In California, the State Board of Education has chosen the latter path. Through directives, legislation and the redefinition of teacher credential programs, the word “bilingual” has been banished from the vocabulary of schooling in California, replaced by “English-language learning.” Instruction in students’ native language is against the law. Instead, non-English-speaking students are tested in English, which frequently guarantees their failure, since many do not even understand the instructions.
These state mandates ignore the most significant language-acquisition research findings of the past twenty years: Students learn a second language best when they can build academically upon their first language. The policies also ignore a 1998 report of student achievement (as measured in standardized test scores) that showed that English-language learners enrolled in bilingual programs in San Francisco and San Jose schools outperformed native-born English speakers in all content areas. These programs are now at risk of being dismantled in favor of a uniform system that suppresses many children’s first language.
In an attempt to remake a teaching force in California that lacks any memory of bilingual education and any skill in teaching to the strengths of non-English-speaking students, the board of education has decided to end the granting of the two major teaching credentials–CLAD (Cross-cultural Language and Academic Development) and BCLAD (Bilingual Cross-cultural Language and Academic Development). These credentials meant that prospective teachers get training in the theory and practice of teaching bilingual children, respecting the use of students’ home language and culture while helping ease their transition into English-language schooling. By the end of 2003, when 45 percent of the students in California public schools will be living in non-English-speaking homes, these credentials will be phased out.
The board has gone so far as to expunge the words “bilingual” and “culture” from its official literature. This strategy is accompanied by a strict emphasis on phonics teaching, high-stakes testing and centralized control over the content of learning through state-adopted textbooks and highly specific statewide content standards.
The direction of today’s education policy in California largely derives from the English for the Children initiative passed in 1998, sponsored by millionaire conservative Ron Unz and upheld by the courts. But this movement is not limited to California. Within the last two years, Unz backed a second anti-bilingual initiative (Proposition 203), which passed in Arizona, and supported similar measures on the November election in Massachusetts and Colorado. Results were mixed: Massachusetts voters overwhelmingly approved their anti-bilingual measure, while Colorado voters rejected theirs, upholding the right to linguistic diversity.

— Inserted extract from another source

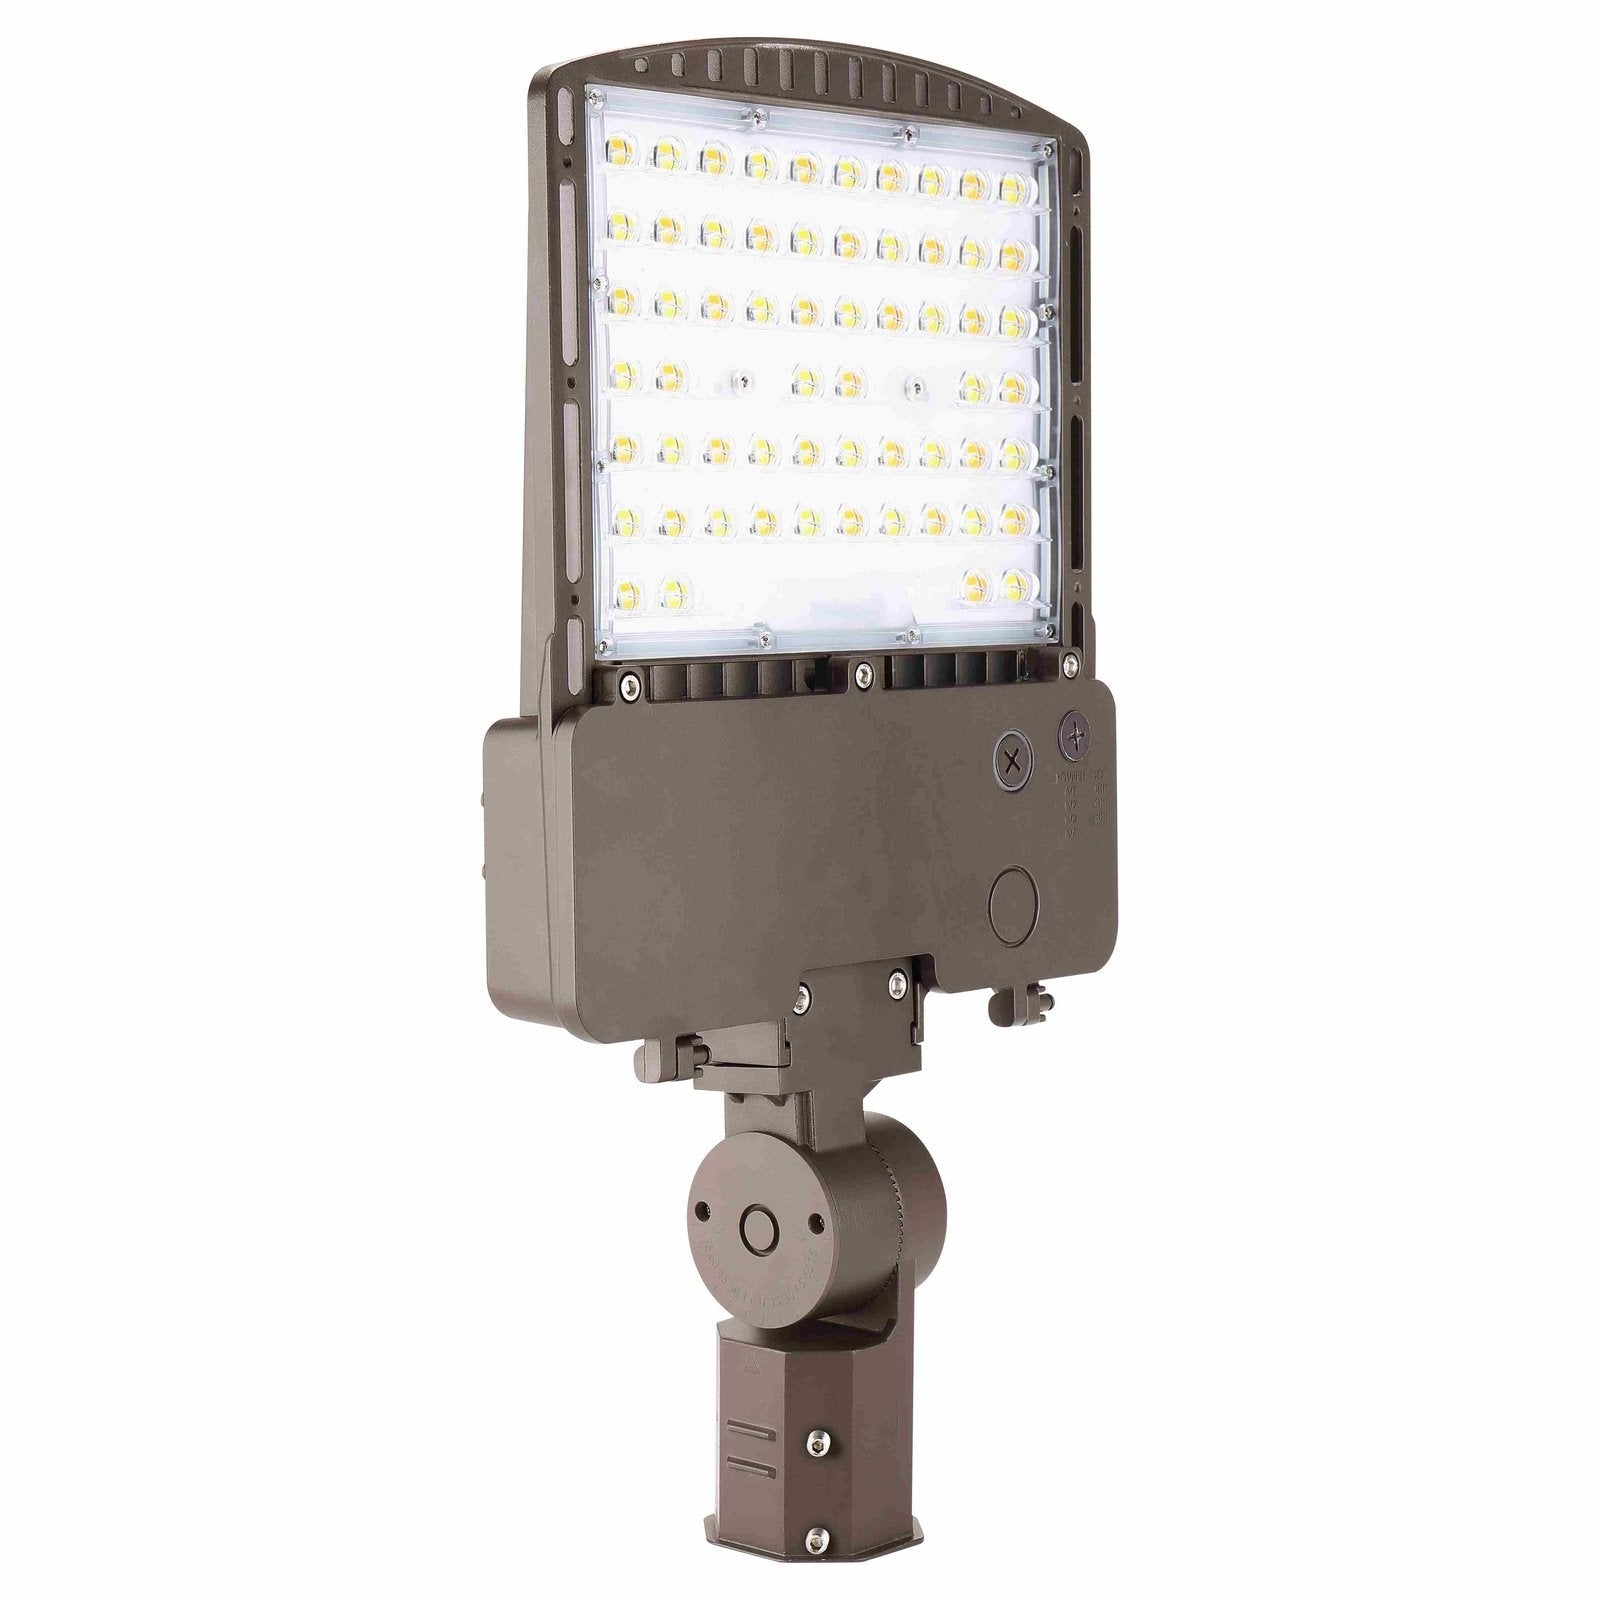 MAL08 LED Area Flood Light 140W, 120-277V, Type 3, 5000K/4000K/3000K CCT and Power Adjustable - Dark Bronze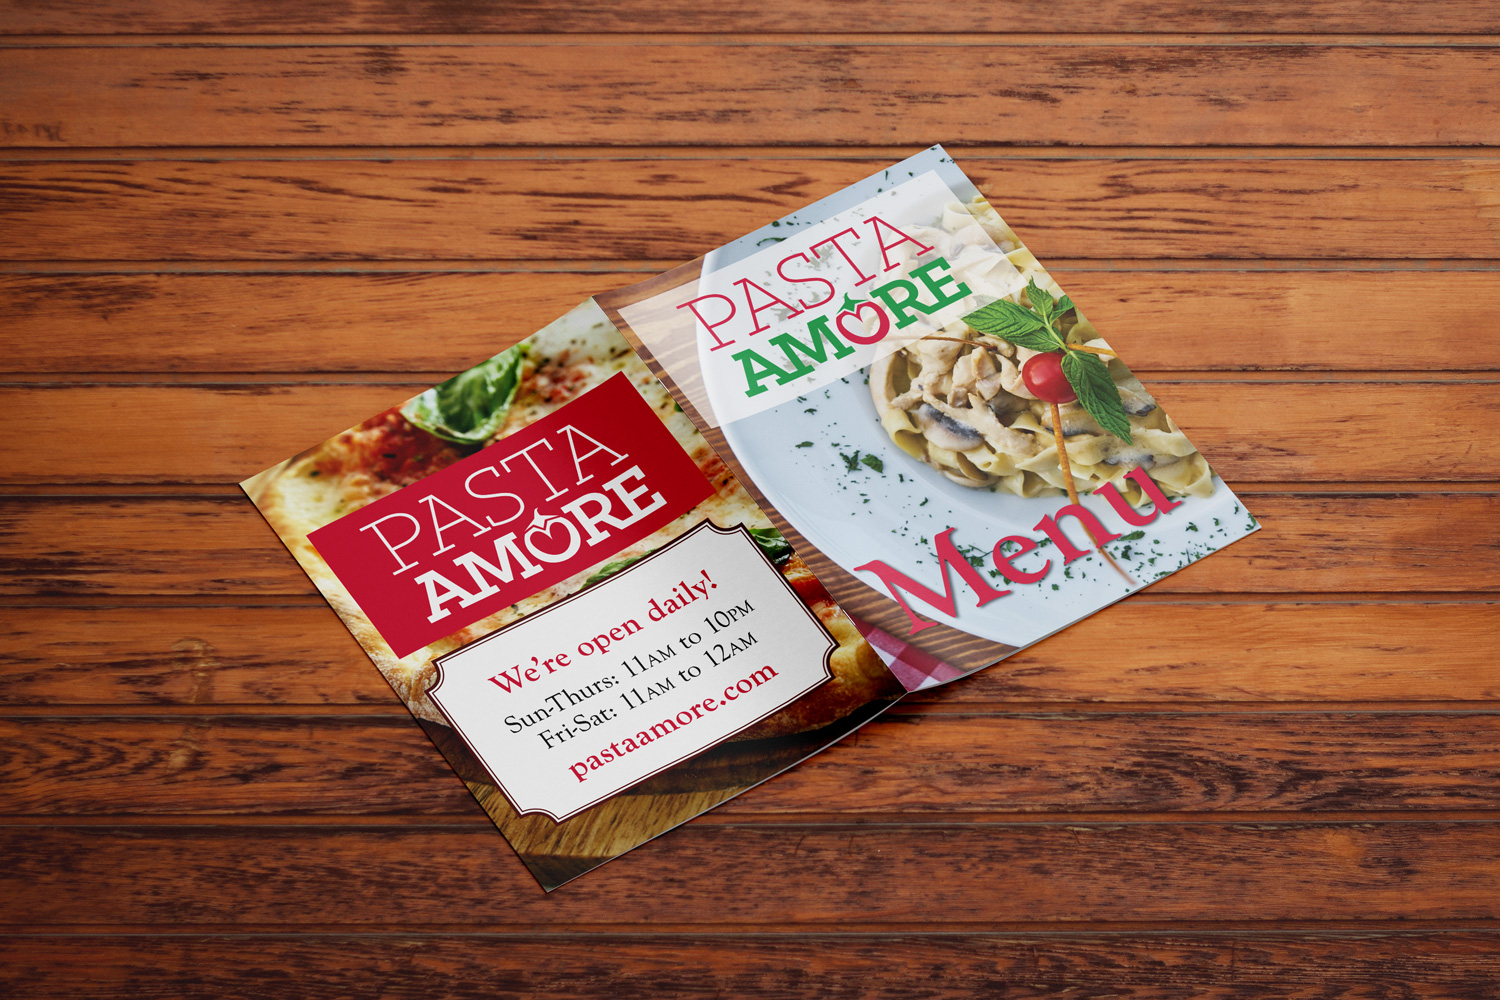 Pasta Amore menu cover design mockup

English Only is spreading to the federal level as well. Last January, the Bilingual Education Act was killed by the Bush Administration. This law, officially Title VII of the 1968 Elementary and Secondary Education Act, was replaced by a provision called No Child Left Behind, which requires that funds be used only for the explicit acquisition of English. The former Office of Bilingual Education and Minority Languages Affairs is now the Office of English Language Acquisition. Essentially, the words “bilingual education” have been excised from the federal government’s lexicon.
In California and other English-Only states, these efforts mean that new teachers will not be equipped to understand the majority of their students linguistically, culturally or academically. In extreme cases, teachers will be punished and possibly fined for reaching out to children in their own languages. Teachers’ ability to forge bonds with their bilingual students will be crippled by these restraints. Children’s ability to bridge the knowledge from home with learning at school will be impaired. School failure will be perpetuated on an institutional basis. It is essential that we resist these escalating attacks on multiculturalism and linguistic diversity, which are disingenuously conducted in the name of children’s best interests. The tragedy, and irony, is that effective bilingual programs, which insure that all children have a chance to succeed, are the likely casualties of this assault.